Are modals good or bad for SEO

I have a website called growremotely.io where I show modals from the side for the jobs that are posted. Is this a good practice? Does this help with our SEO?

If not should we be opening each of these as a separate page?

Looking for some help from experts.

  1. 5

    Very interesting website, let's first define "good" and "bad".

    What is bad for SEO is anything that prevents content on your website from being crawled and indexed, or negatively affects your site (poor content, slows your site down, etc).

    What is good for SEO is anything that makes it easy for Google to crawl and index your site, as well as creates a stellar experience for folks visiting your website - fast page speeds, easy to navigate, etc.

    It looks like the content on this website is loaded with Javascript - I notice that when you click the buttons to filter the jobs nothing changes in the URL, and that when inspecting the source code the job content is not there.

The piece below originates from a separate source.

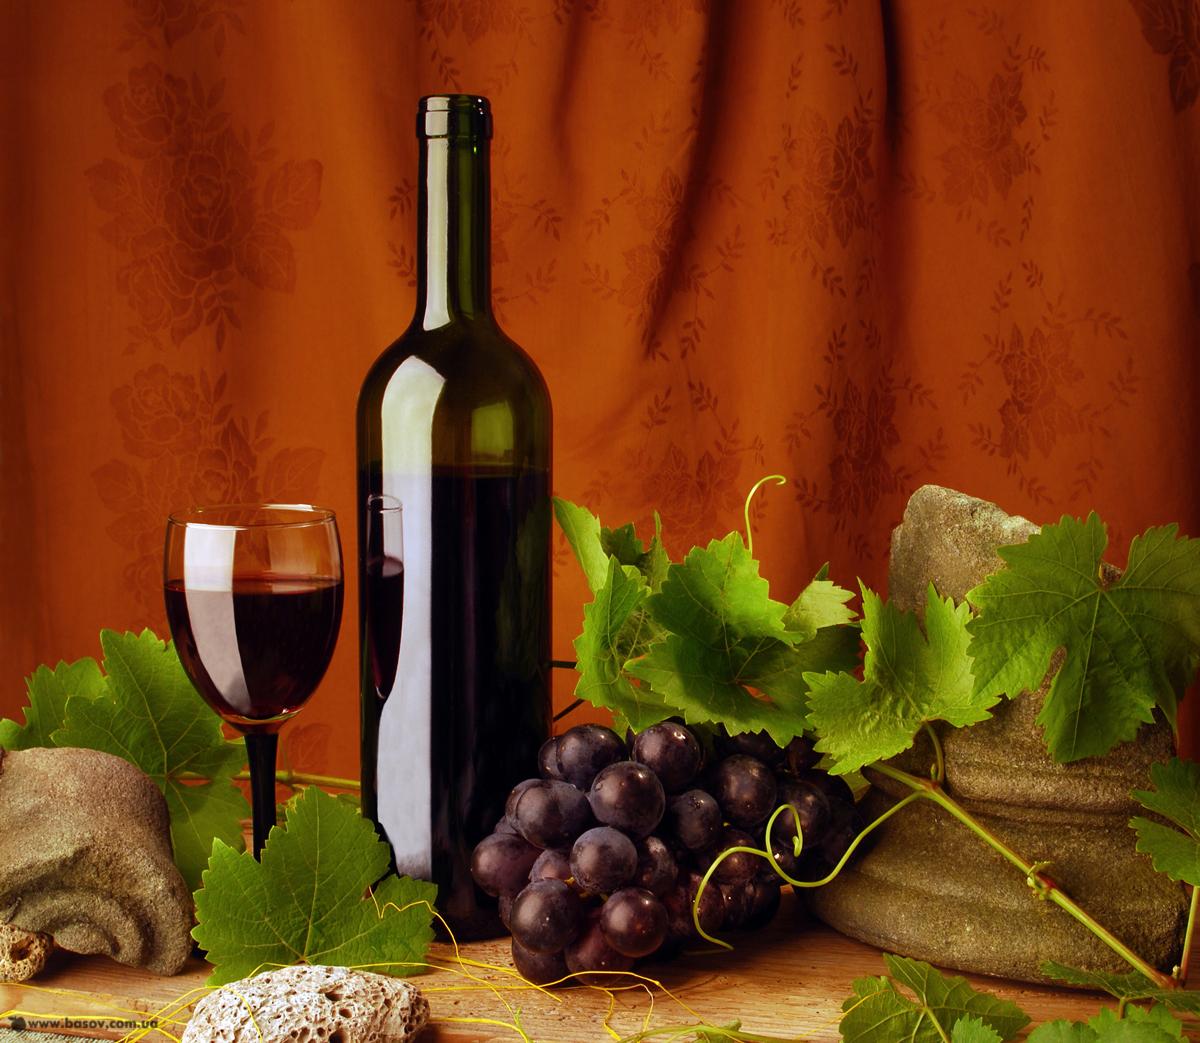 бутылка вина, красное вино в бутылках, скачать фото, виноград, натюрморт

    This means it's pretty shaky as to whether Google is going to actually see this content - not just the modals, but the jobs themselves. And Google for sure will not differentiate between "Programming" jobs and "Frontend" when clicked on the main page.

    Google has been getting better at executing JavaScript, which means there is a chance they will see content generated by JS, but "better" is not "they aways see it".

    You can know for sure what Google sees though with Google Search Console. You can test this by submitting a sitemap, and then test the individual URLs to see what Google renders - this shows you the rendered HTML and a screenshot of what Google sees, which can help confirm if they can properly execute the JS or not.

    1. 1

      Would changing the URL and using that to trigger the drawer / modal (I.e example.com/profile/?drawer=settings&id=1) help with SEO? I usually do that so you can deep-link straight to a modal or drawer but I’m not too familiar with how it would effect SEO

      1. 3

        Good question!

        OP's site does that as well - when you open up the modal for a job there is a query string in the URL, like this one https://growremotely.io/?id=614289313ed94694f2b5908e

        Like I said above, having unique URLs certainly helps but what really matters is whether Google can index the content. The content on OP's site, and inside these modals, is rendered with JavaScript; Google has been getting better at rendering JS, but "better" does not mean "sees it every time".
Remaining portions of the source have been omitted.